GL: In some ways, it sounds similar to prepping a film for international release.

NS: Yes, there are some parallels, but there are also things that are quite different. I will say, in publishing, the most remarkable difference is that people in publishing do what they say they are going to do. If they say they’ll have a check for you by Thursday, you will have a check on Thursday. You’re not calling your agent six weeks later going, “Would you please get my check?”

GL: What have you learned about your writing now that you’ve gone through this entire process of reinvention, writing a book, and watching the process of getting it published and developed for a series?

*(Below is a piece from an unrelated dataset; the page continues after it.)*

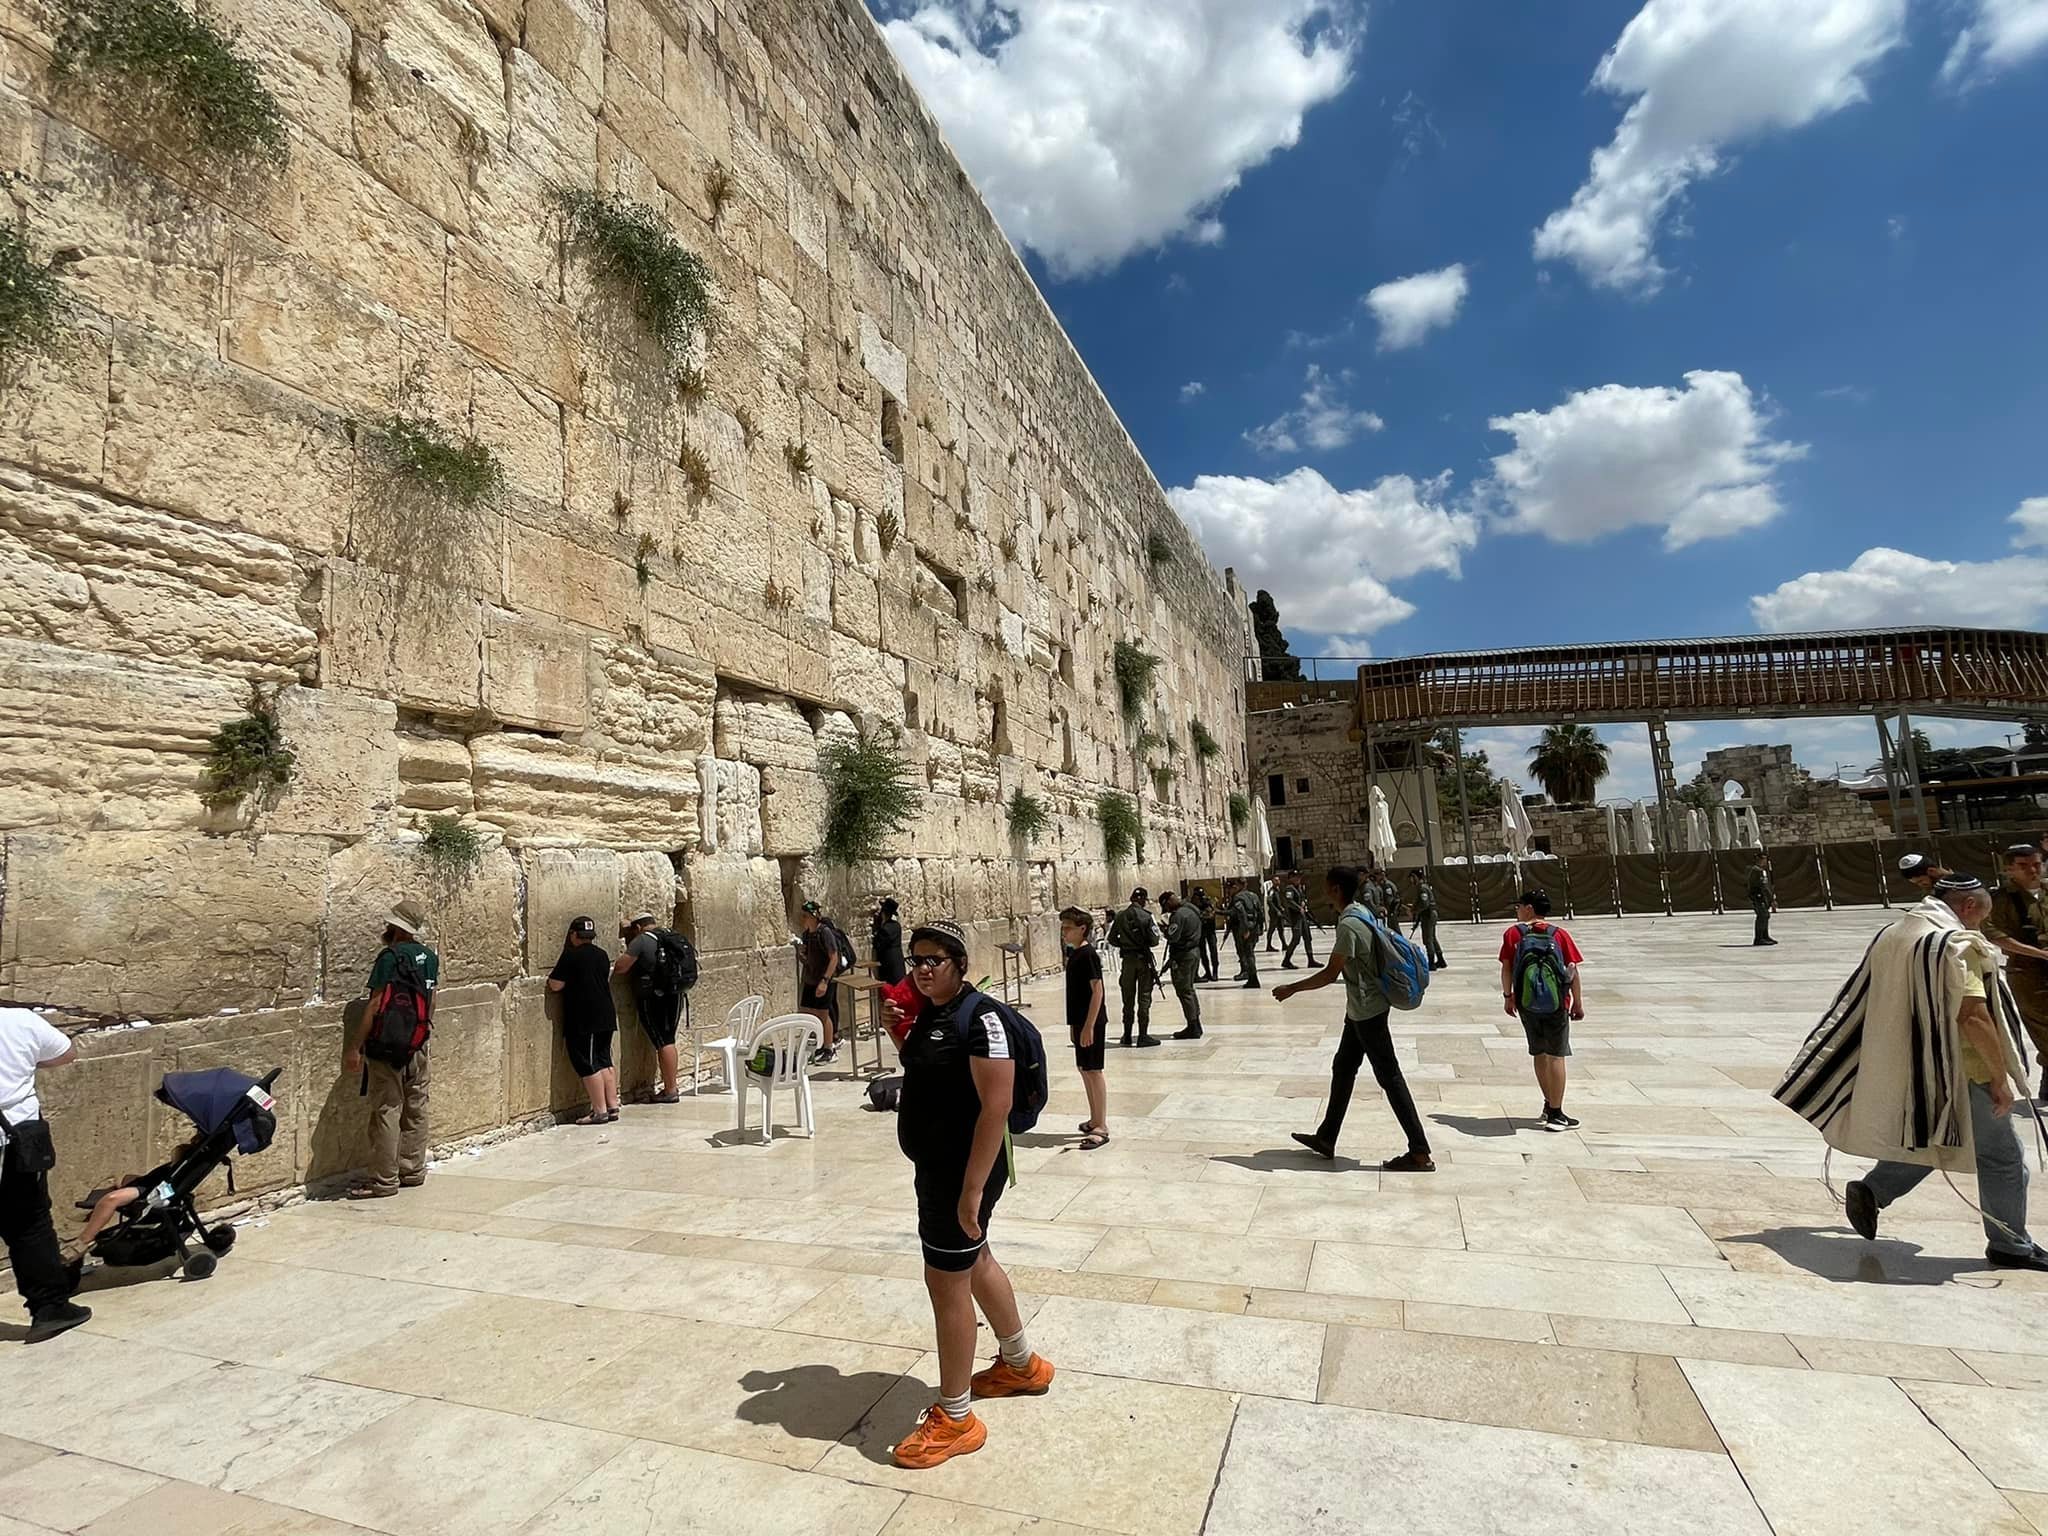  The Wailing Wall. It is called that because the Jews come there to pray for the restoration of the temple. The stones are part of the retaining wall for the foundation of the Temple Mount. The first seven layers are from Herod the Great’s time. The

NS: I’ve learned an awful lot. For one, I’ve become a much better writer. My editor, while we working on the second book, gave me a really tough note, which has forever changed me and I will always be grateful to her for it. The book is about 450 pages. She edited the first 50 and said, “I think you’re pushing too hard and it’s tipping into melodrama. You’re pitching it too high. You’re afraid that the reader is not going to get it, so you’re hitting it too hard.” So, I edited those first 50 pages according to her line notes and it was fine. But, then I started in on the rest and I got very defensive – “This is my style! If she doesn’t like my style, then forget it!” Then, I was like, “She’s completely wrong! I don’t even know what she’s talking about. I don’t see it!” Insert a couple of days of panic and then I found one place in the text where I saw what she meant. Then I found another place. Then, I realized she was absolutely right and I rewrote the entire book from the beginning. After that, the book sort of rose up out of its bones in a really powerful way. That’s something you learn by just putting yourself out there and doing it, no matter the odds.